The global outsourcing market slowed in the first quarter of 2015 from its near-record high revenues in Q1 2014, with contract values falling due to increased competition. First-quarter Annual Contract Value (ACV) fell 18%, to US$5.1bn, one of the lowest first quarter ACVs in the last decade. Q1 2015 revenue was also flat compared to the fourth quarter of 2014, but up 6.3% year over year. Most of the tracked companies experienced a slight decline in net income compared to last quarter and year over year. Computer Sciences Corp (CSC) reported the sharpest decline in net income of 103% quarter over quarter and 94.8% year over year.
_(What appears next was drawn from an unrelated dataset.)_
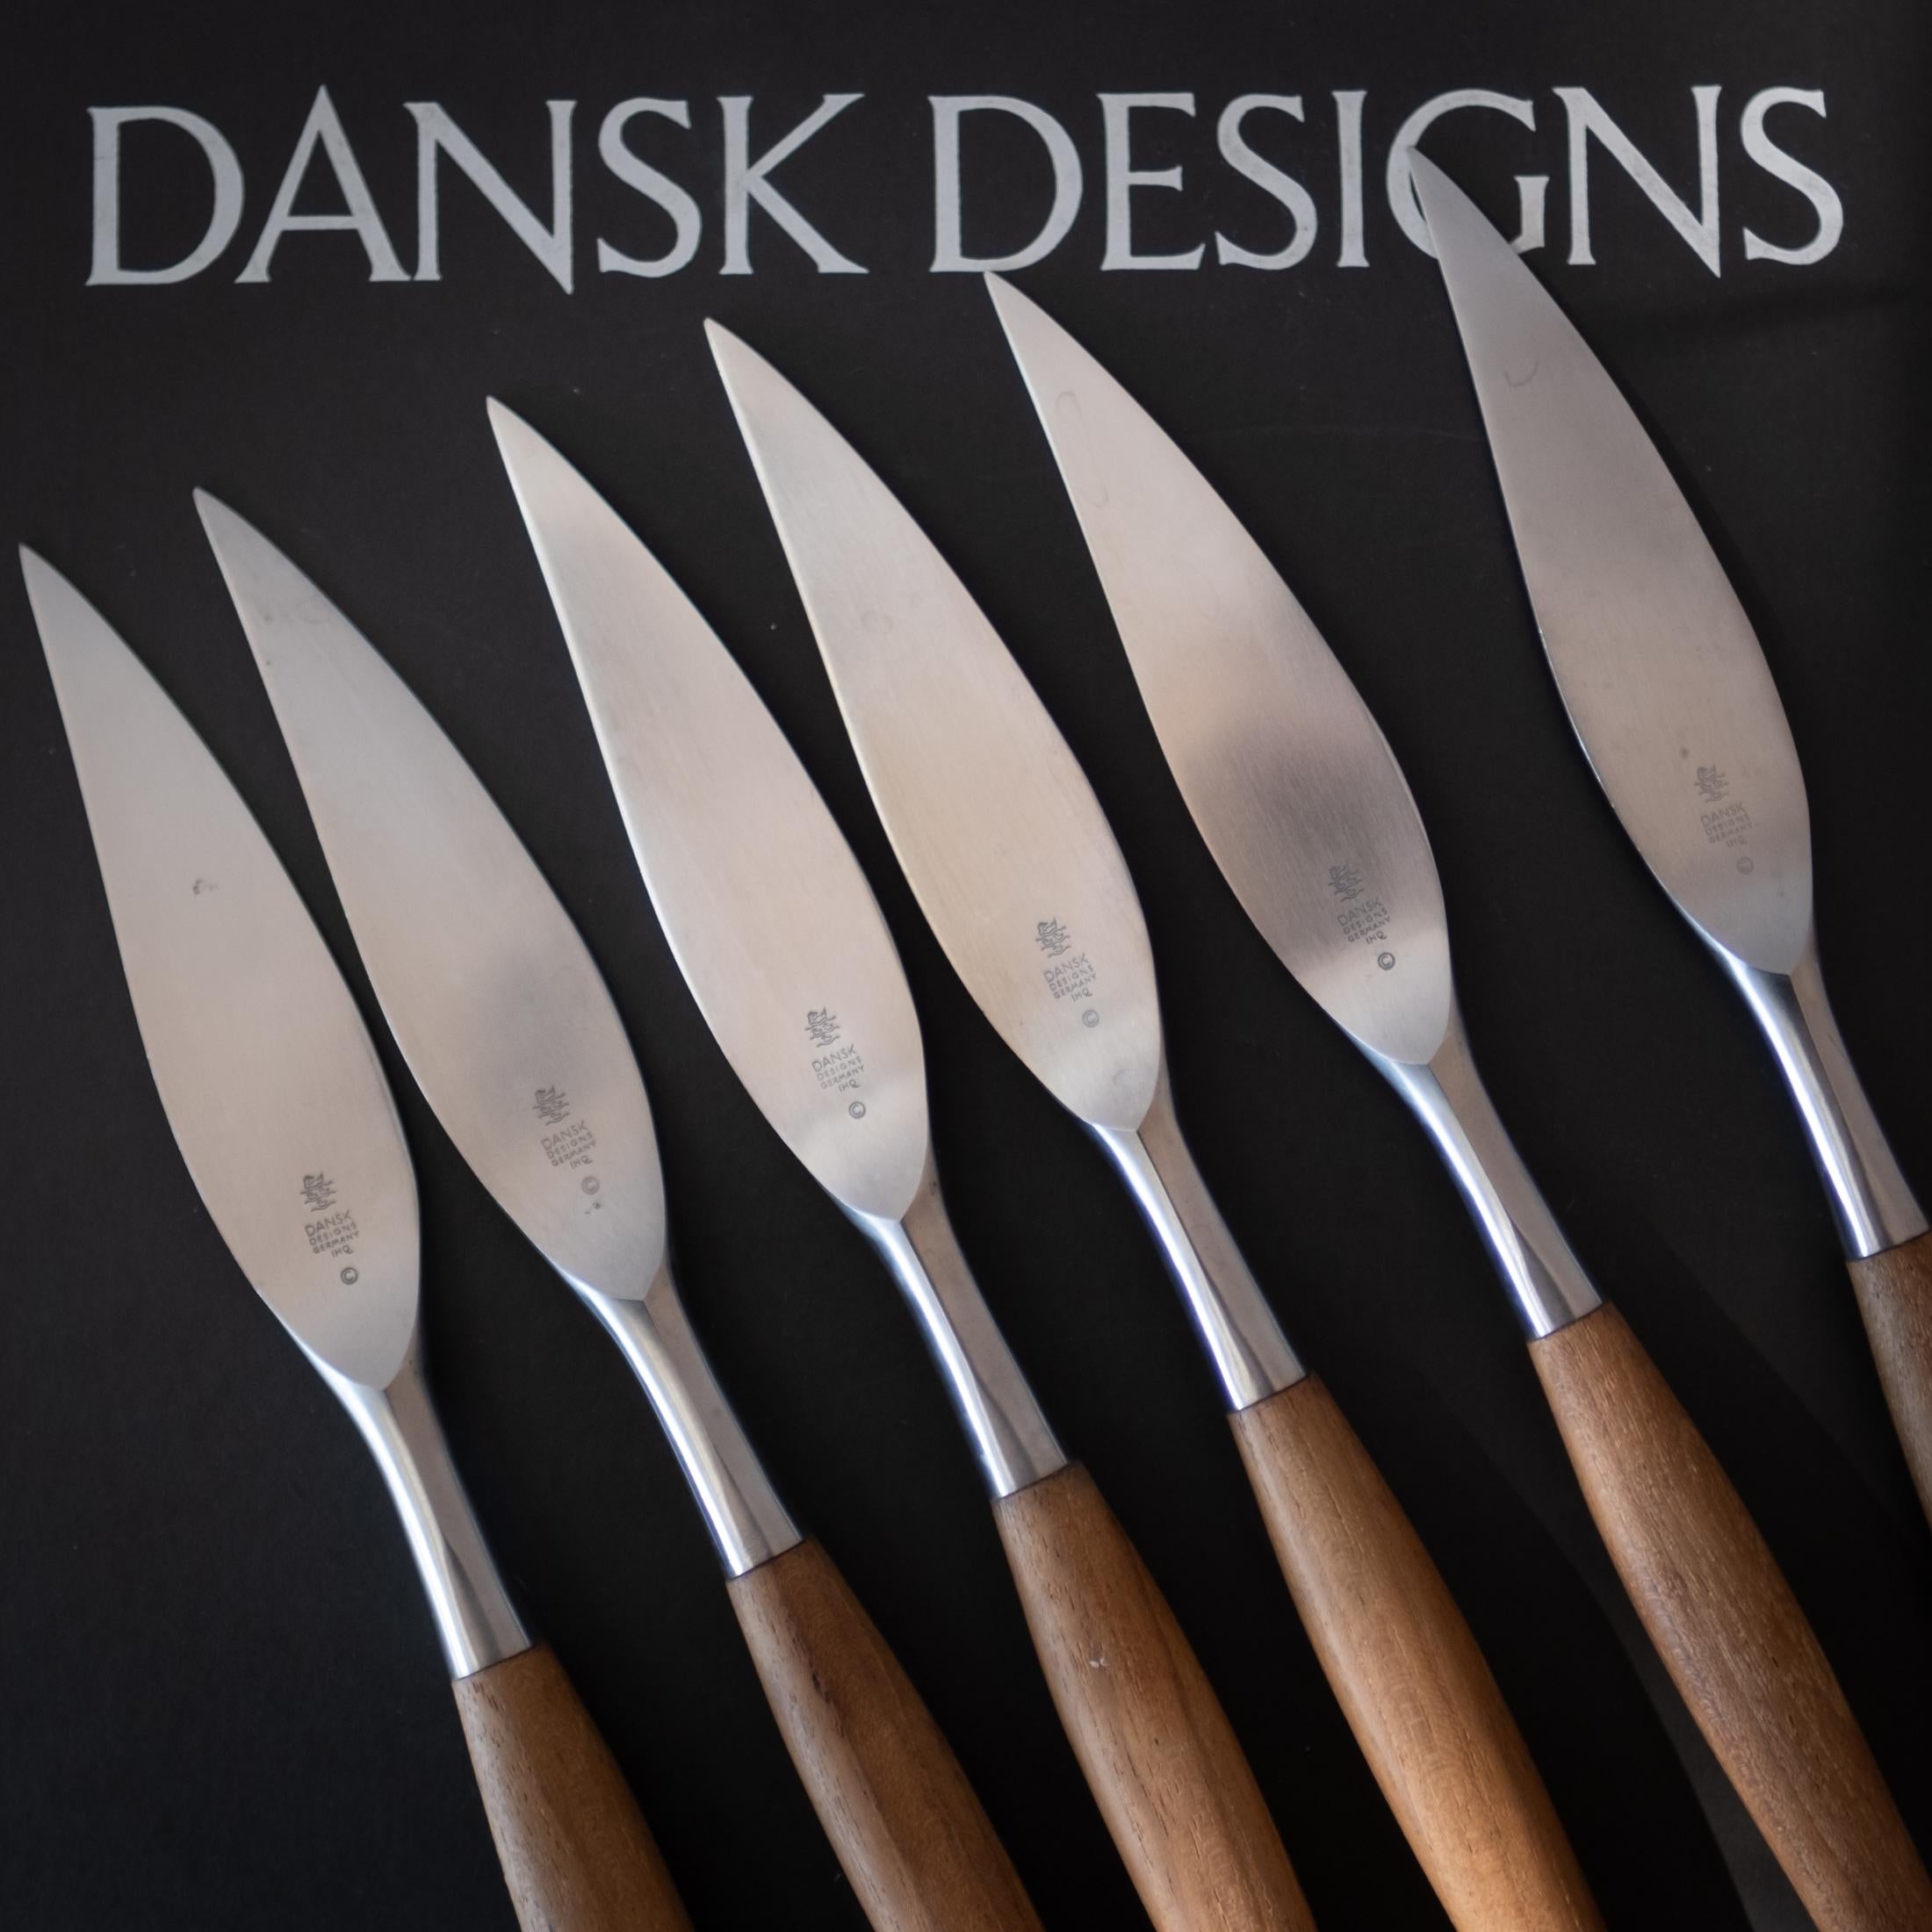 Un ensemble de 6 couteaux à steak Fjord en teck et en acier inoxydable, conçus dans les années 1950 par Jens Quistgaard pour Dansk. Ils semblent à peine utilisés. Livré avec la boîte et les pochettes plastiques d'origine. Ce design fait partie de la
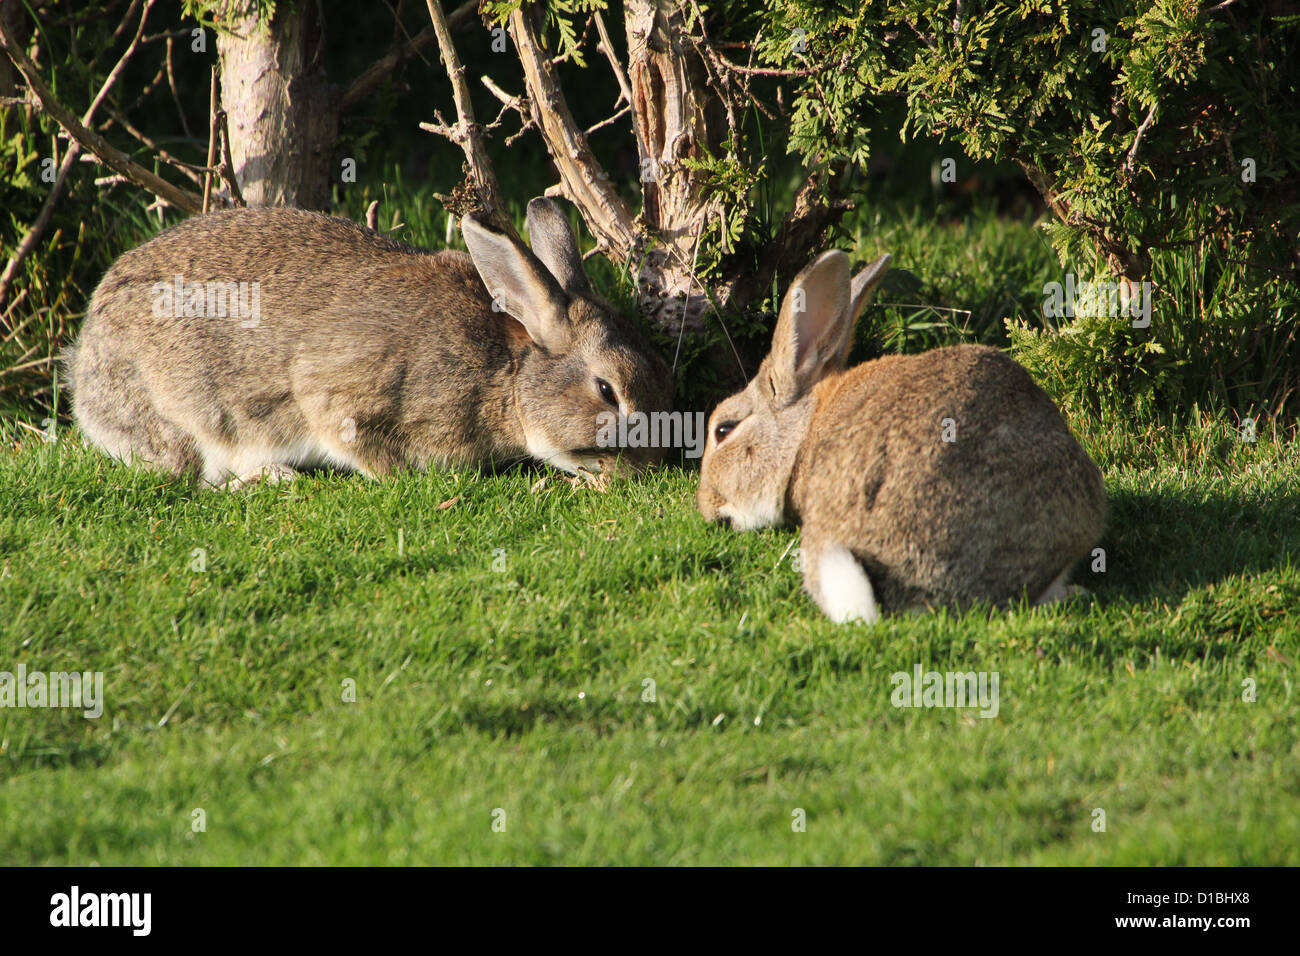 Paire de lapins sauvages Européen (Oryctolagus cuniculus) mange de l'herbe dans un pré Banque D'Images

The total number of first quarter contracts (305) was down 7% from Q1 2014. Still, the volume of smaller deals, those with ACV of under US$30mn, remained steady compared to Q1 2014 totaling 269 contracts valued at US$2.5bn. However, larger deals, worth more than US$30mn annually, declined about 25% in number (28 contracts) and value (US$1.3bn in ACV) from the previous year. By domain, information technology outsourcing (ITO) slowed in the first quarter, with US$3.5bn in ACV awarded, down by 27% from last year and the lowest first quarter ACV since 2004. Conversely, business process outsourcing (BPO) saw contract volume grow by 18% and ACV by 13% to US$1.6bn. This was the second consecutive quarter BPO had an ACV of more than US$1.5bn.1
In Q1 2015 the Americas had the strongest quarter compared to EMEA and Asia Pacific. The Americas ACV increased by 10% compared to Q1 2014 to US$2.1bn. This makes Q1 2015 the fourth consecutive quarter the Americas region posted ACV higher than US$2bn. A total of 143 contracts were awarded in the quarter, up 27%. Restructured ACV reached more than US$1bn in consecutive quarters, and the value of restructured contracts were higher than that of new-scope contracts, which has happened only twice before. Among industries, the Energy sector’s ACV increased by 125% and its volume soared by 150% as the pace of sourcing activity picks up in the face of falling oil prices. Healthcare and Pharma also had a strong quarter, with ACV more than tripling and volume up nearly 150%, reflecting the growing need to provide services at lower cost amid increasing regulatory and compliance pressures.1
Computer Sciences Corporation plans to divide into two separate publicly traded companies. One company will serve commercial and government clients globally and the other will serve public sector clients in the US.